*What to work on*: Going line by line through the records below, write out everything starting with the line containing "Lights at the" and going on through the line containing "Saint Laurent Chyc", exactly and inclusively. Pictures do not go in.

*Input data*:
================

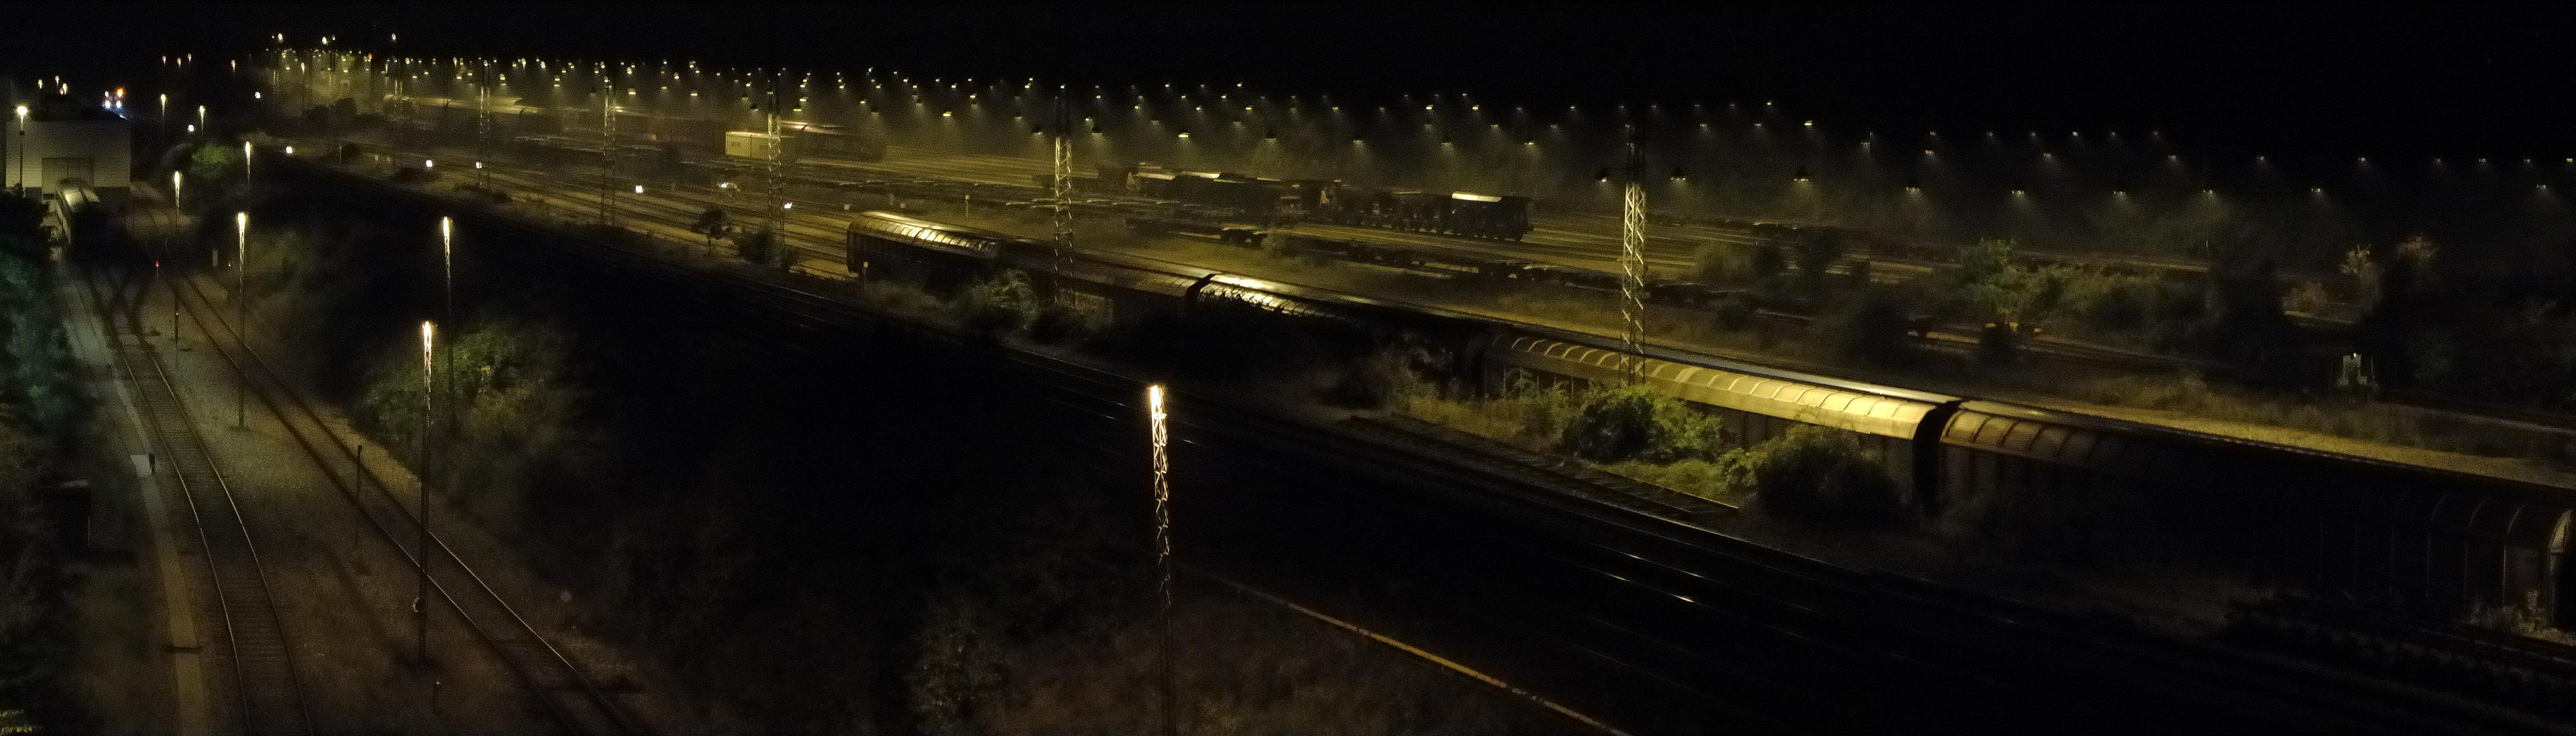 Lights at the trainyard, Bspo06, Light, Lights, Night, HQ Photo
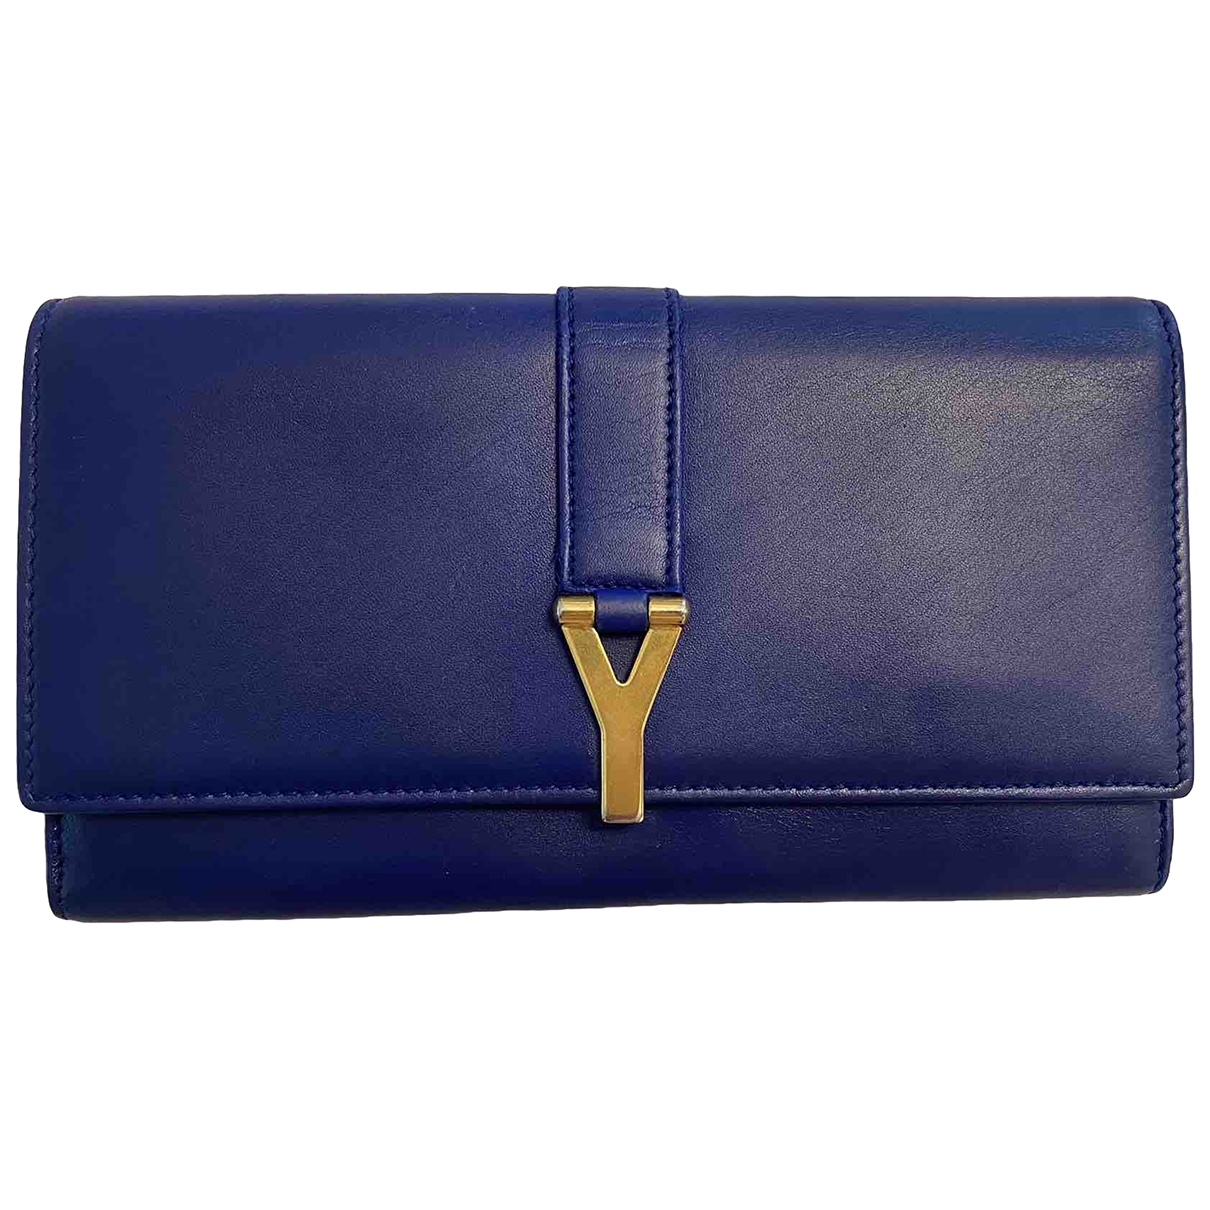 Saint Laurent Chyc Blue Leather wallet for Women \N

================

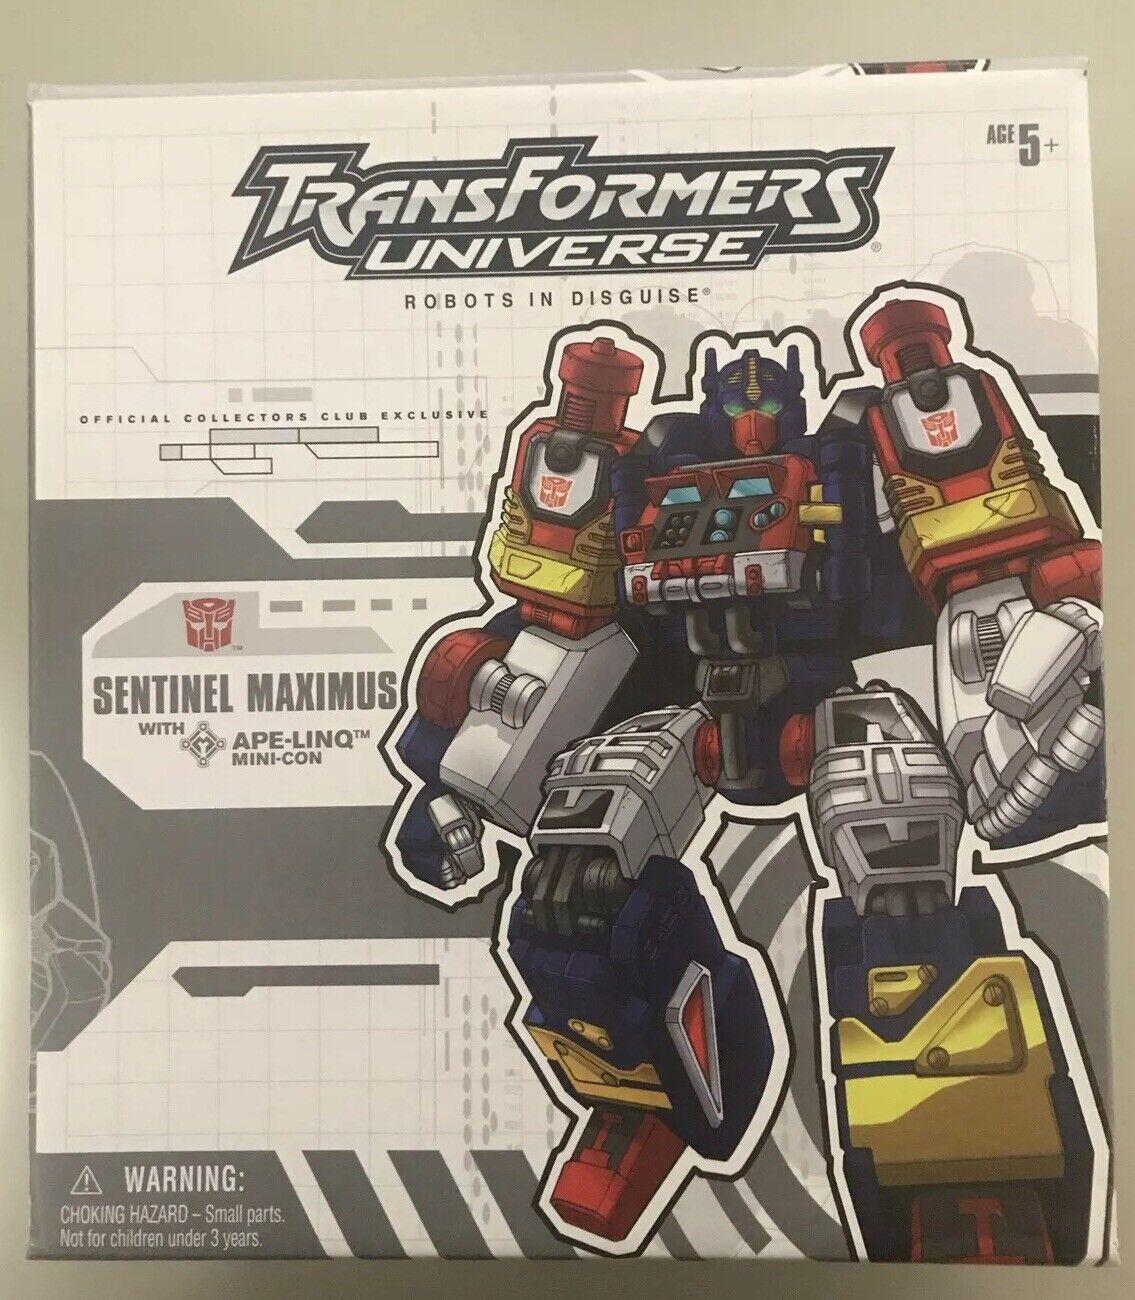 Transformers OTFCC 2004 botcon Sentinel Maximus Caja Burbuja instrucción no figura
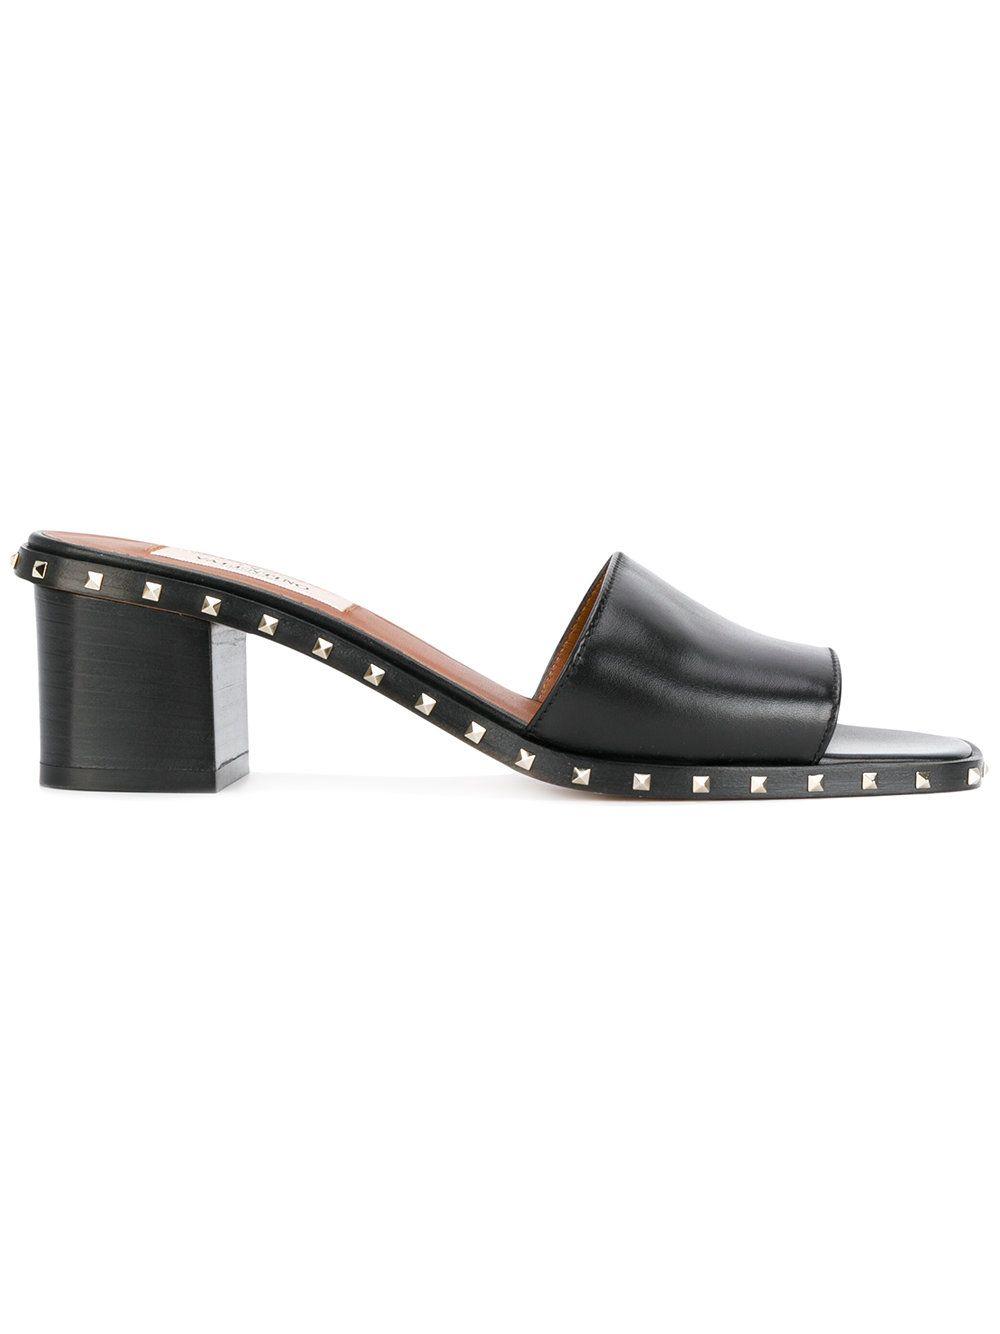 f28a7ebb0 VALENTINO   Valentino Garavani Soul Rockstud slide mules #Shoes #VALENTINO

================

*Worked solution*:
 Lights at the trainyard, Bspo06, Light, Lights, Night, HQ Photo
 Saint Laurent Chyc Blue Leather wallet for Women \N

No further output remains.